*Task description*. What you return should match the listing exactly, minus its images.

*Provided material*.
'''

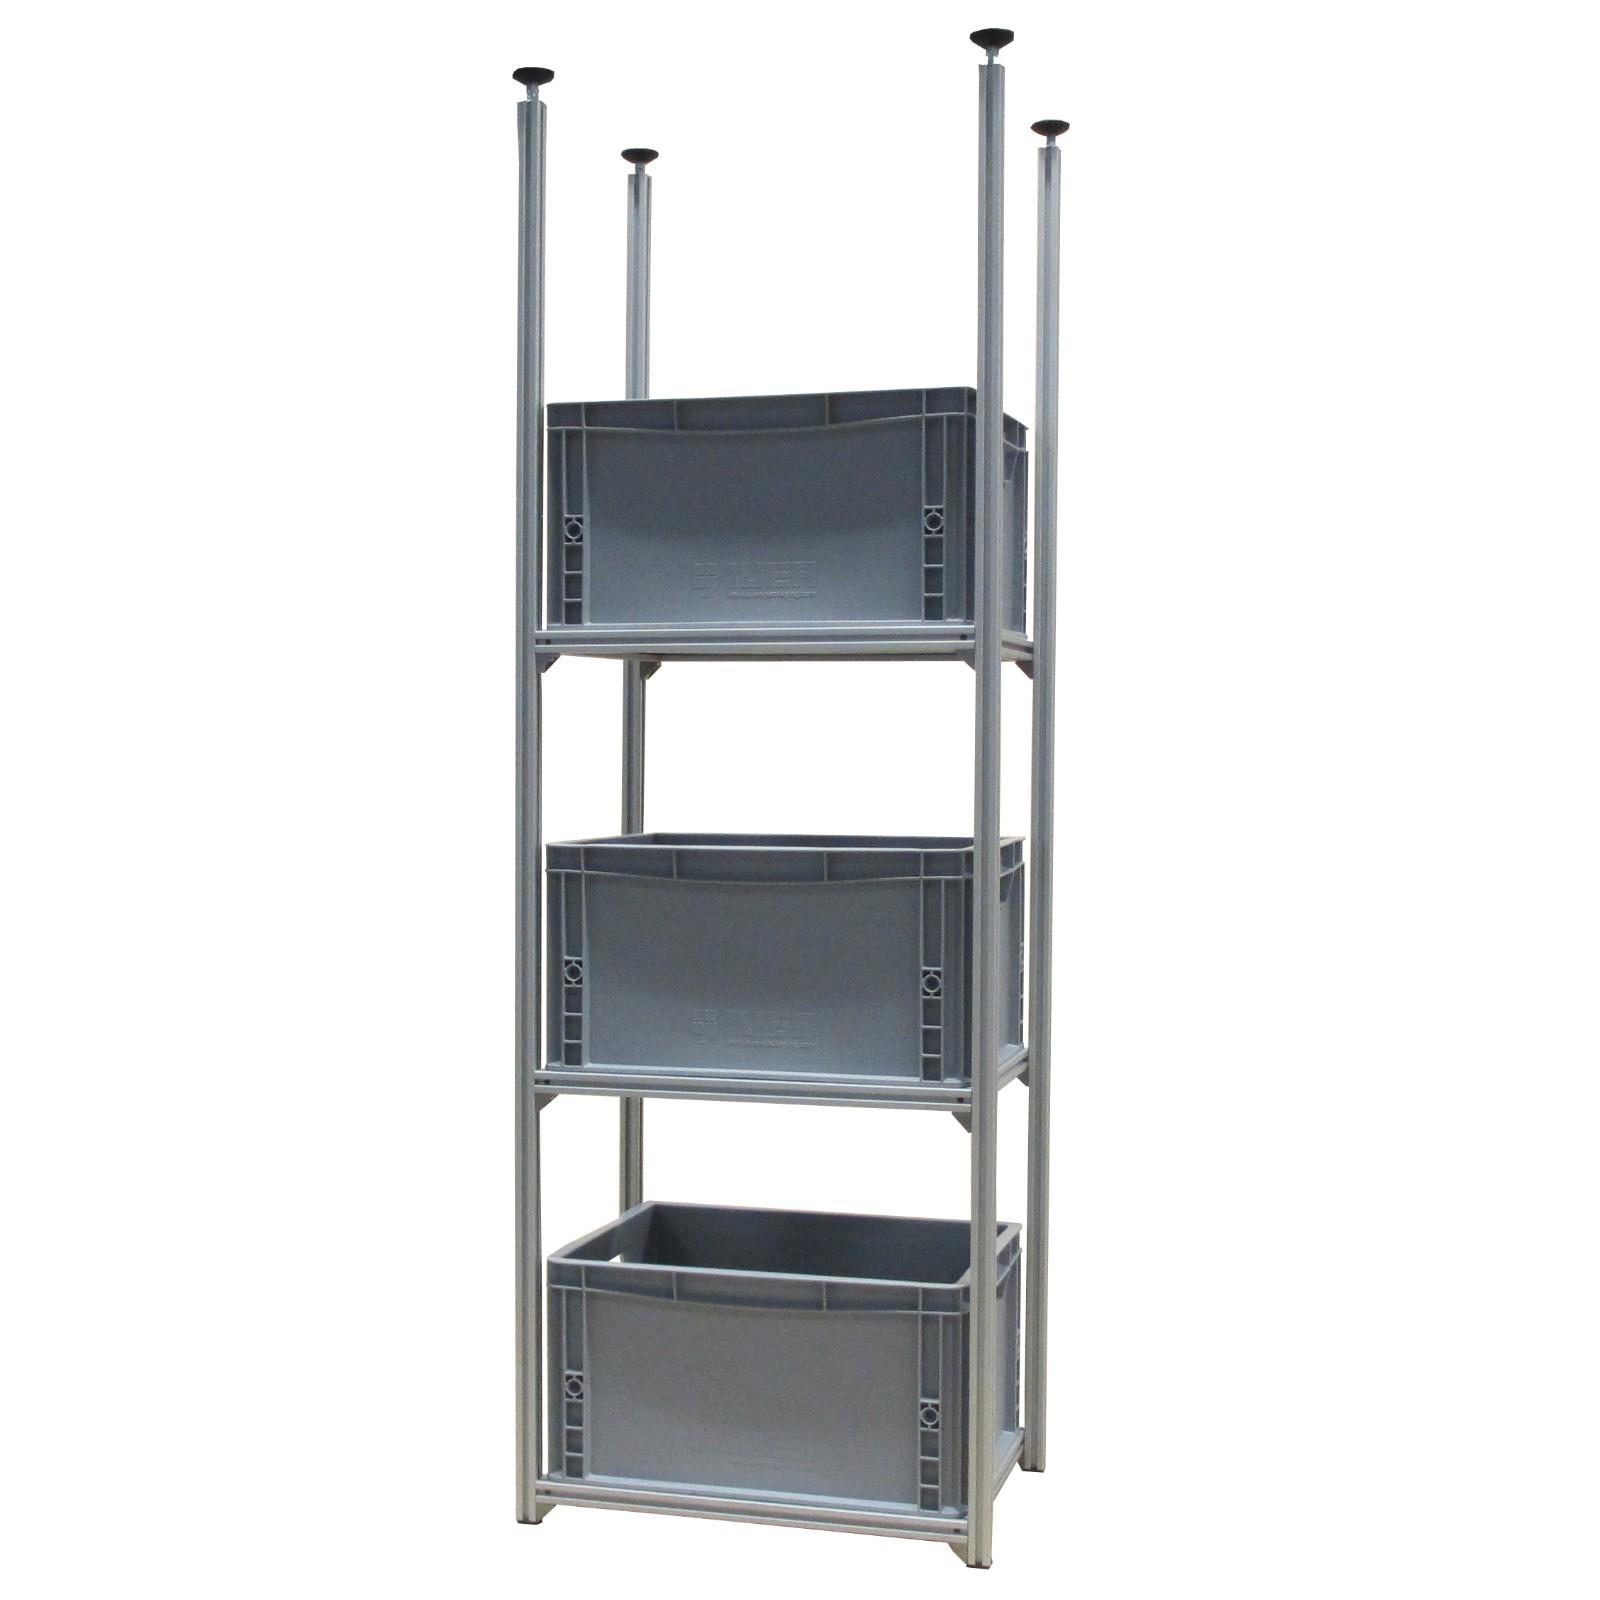 aluprofiltechnik regalsystem rl 400 x 300 f r 3 kisten. Black Bedroom Furniture Sets. Home Design Ideas
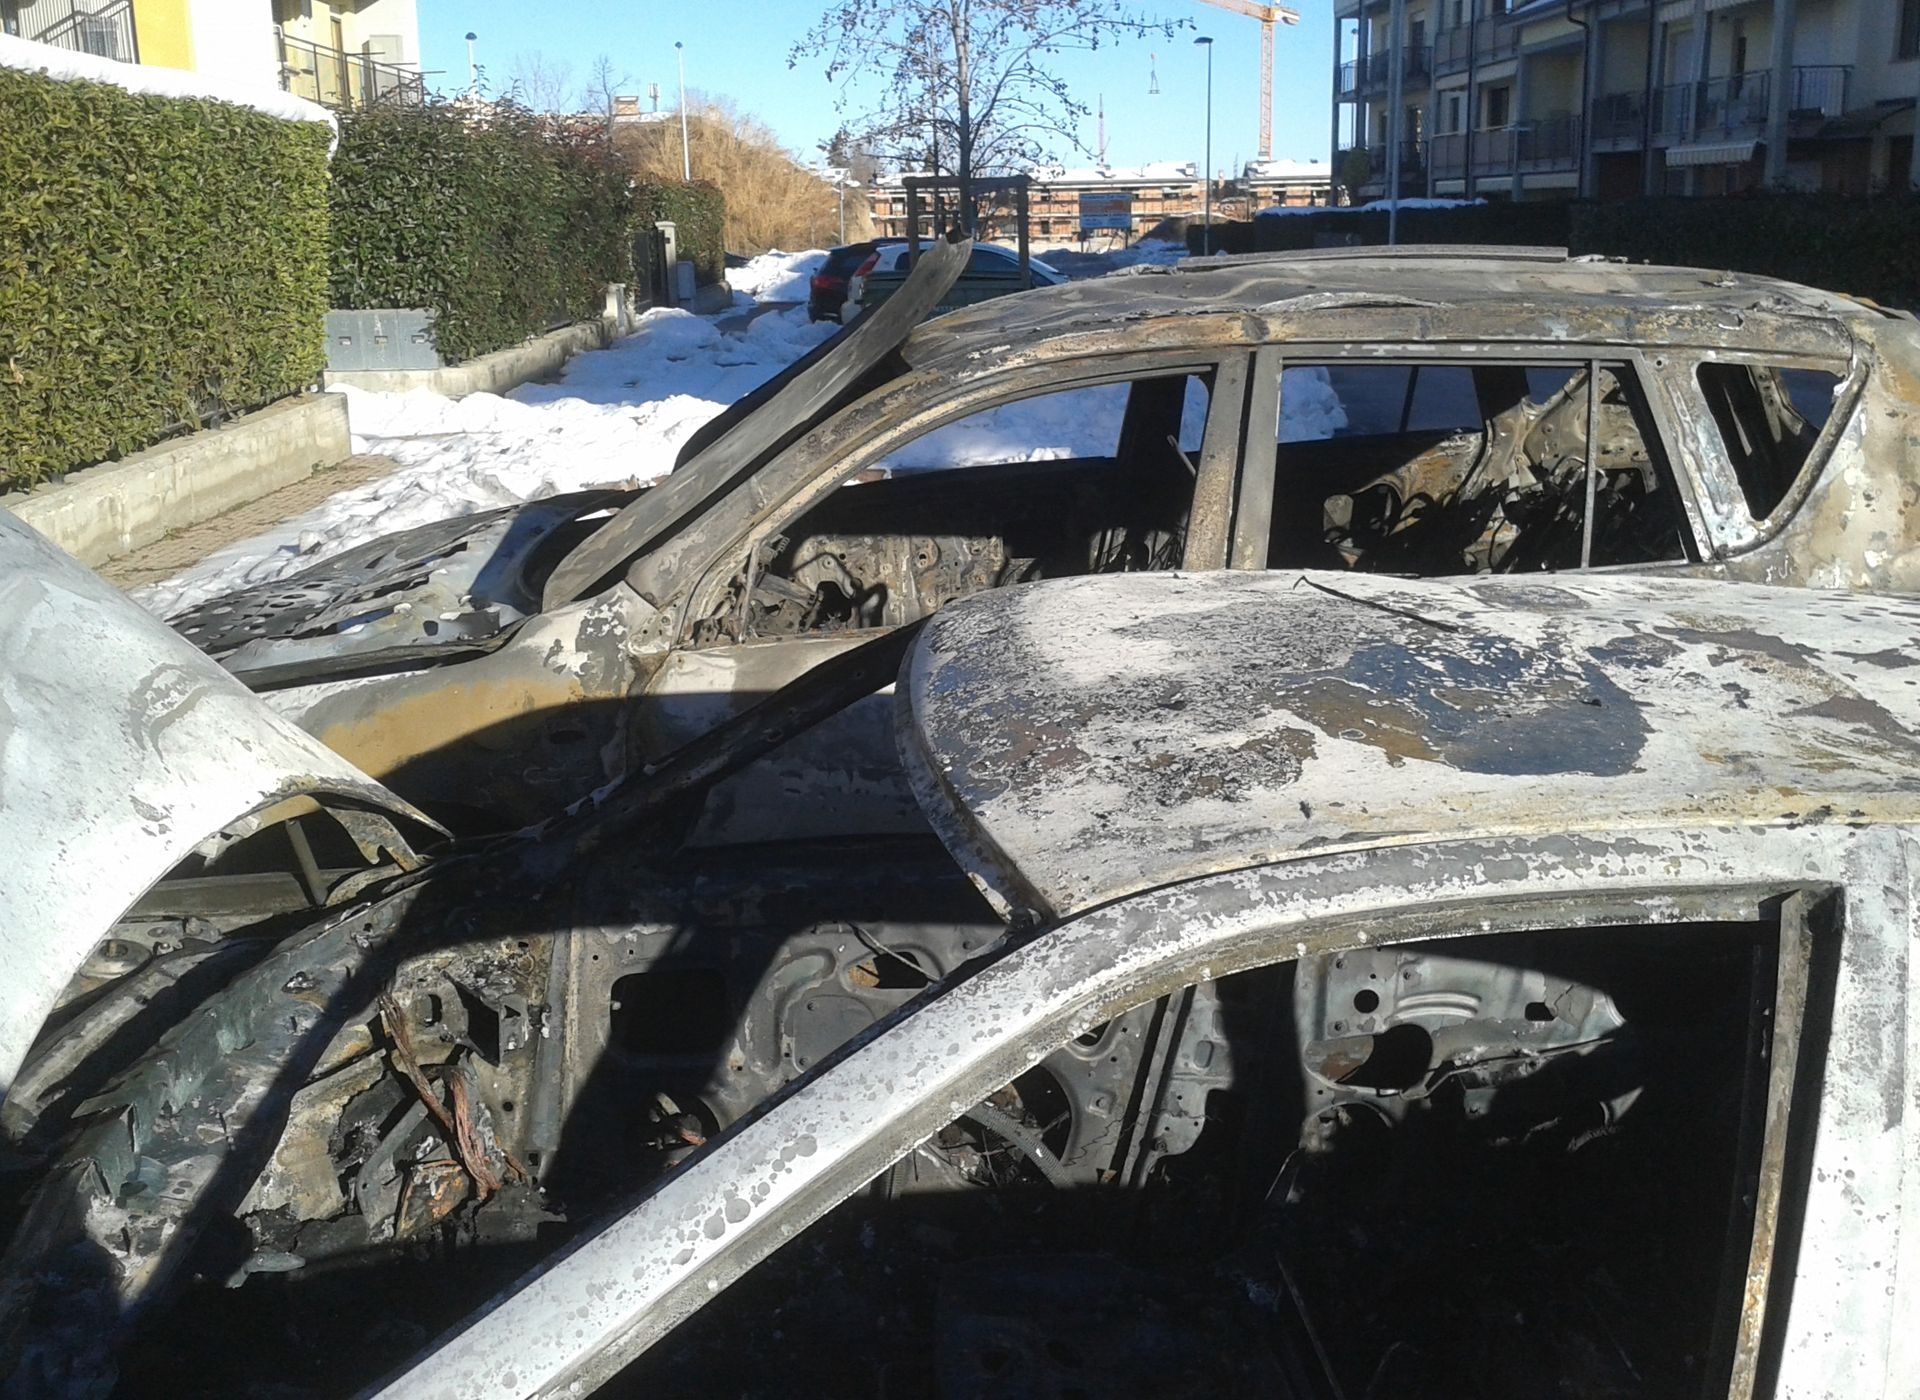 La Guida - Due auto incendiate a Borgo San Giuseppe
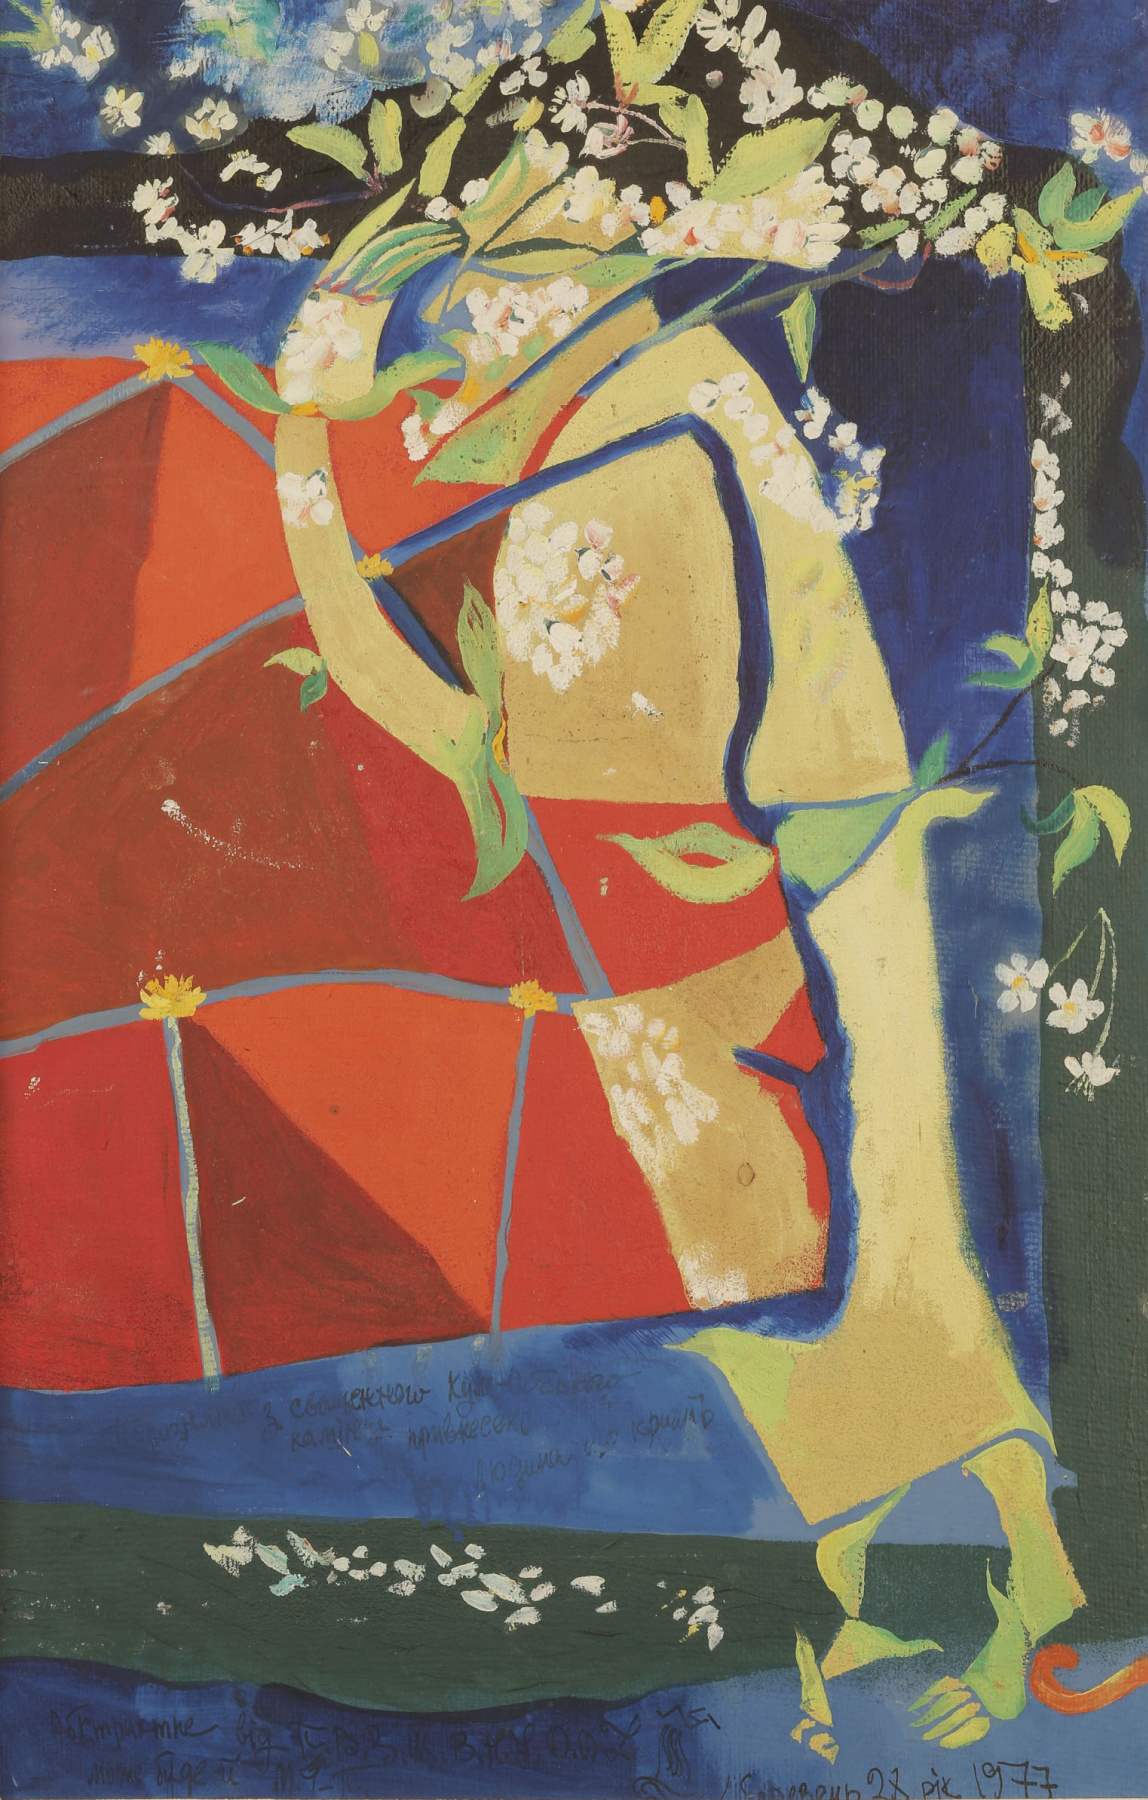 Nikolai Ivanovich Tregub. Abstract

'''

*Exercise response*.
 aluprofiltechnik regalsystem rl 400 x 300 f r 3 kisten. Black Bedroom Furniture Sets. Home Design Ideas
 La Guida - Due auto incendiate a Borgo San Giuseppe
 Nikolai Ivanovich Tregub. Abstract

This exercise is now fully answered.